CJUK-FM is a Canadian radio station, broadcasting at 99.9 FM in Thunder Bay, Ontario. The station broadcasts a classic hits format branded as "99.9 The Bay" and is owned by Acadia Broadcasting.

==History==
The station was first licensed as a low-power station by the CRTC in 2000, and launched in August 2001 with an ERP of just 37 watts. The station was branded as Magic 99.9. In 2003, the station's owners, Big Pond Communications, applied to the CRTC to increase the station's signal to 15,000 watts, on the grounds that with a signal that could not adequately reach some parts of the city, the station was economically not viable.

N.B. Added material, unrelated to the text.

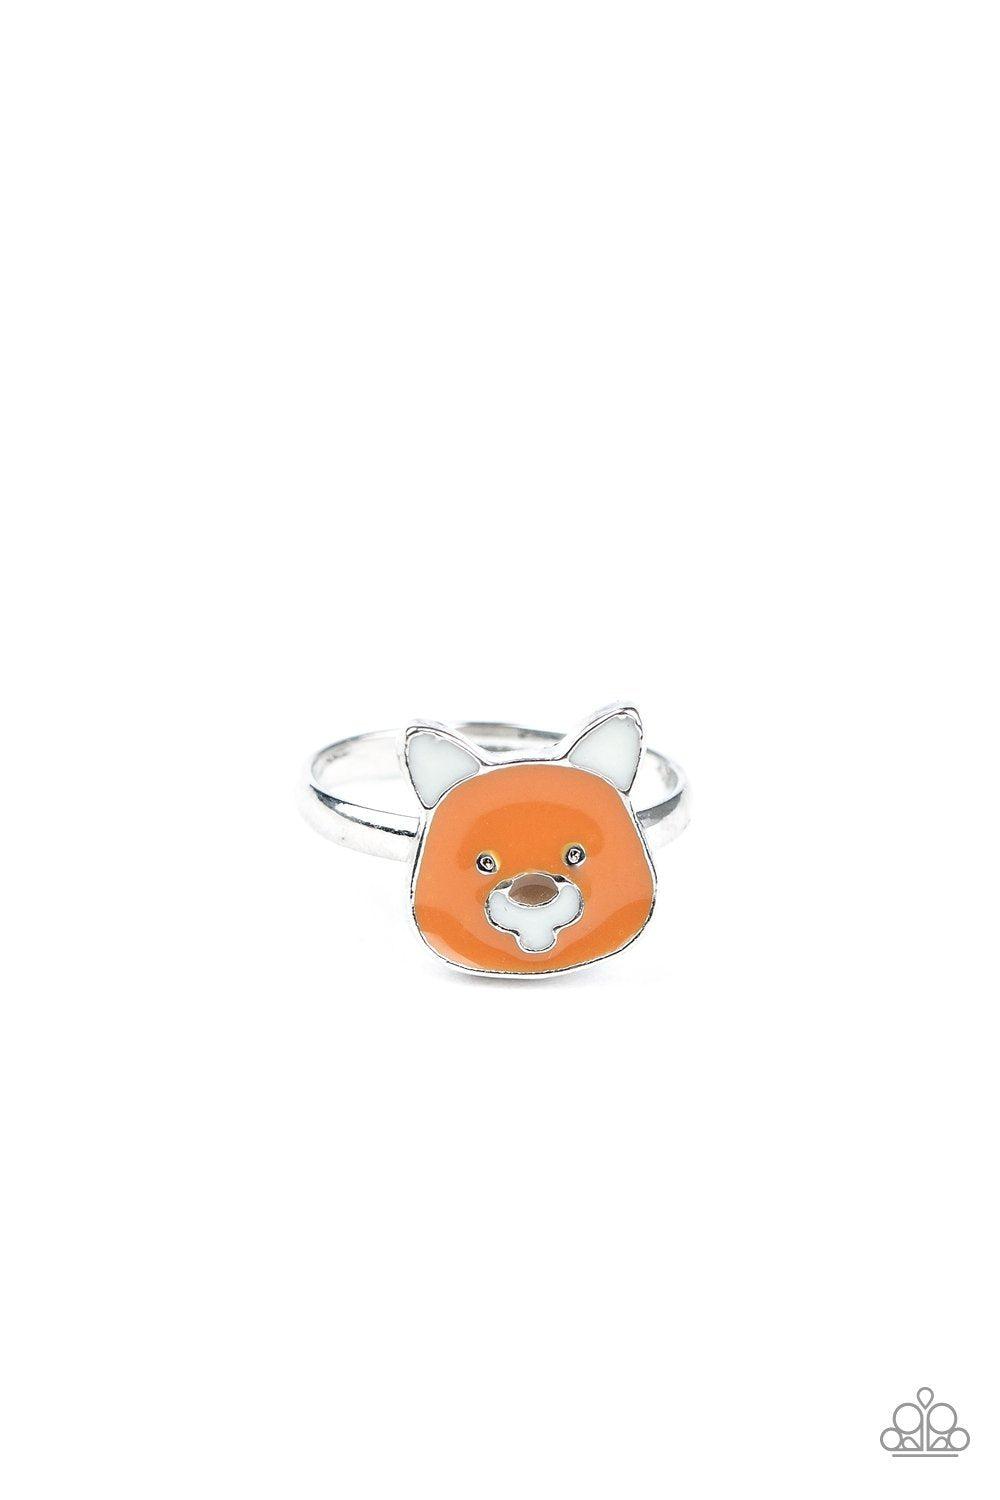 Starlet Shimmer Children's Forest Friends Animal Rings - Paparazzi Accessories (set of 5)-CarasShop.com - $5 Jewelry by Cara Jewels

However, the CRTC determined that in the previous year's BBM ratings, there was no evidence that the station's audience had geographic gaps in the city. In addition, competing commercial broadcasters noted that the launch of CJUK had significantly affected their own economic stability, and alleged that the station was merely using a "back door" approach toward winning a protected Class A license. The application was consequently denied. Around 2007, the station shifted from adult contemporary to hot adult contemporary, giving the AC format to CKPR-FM, which converted from AM.

In 2005, the station was acquired by Newcap.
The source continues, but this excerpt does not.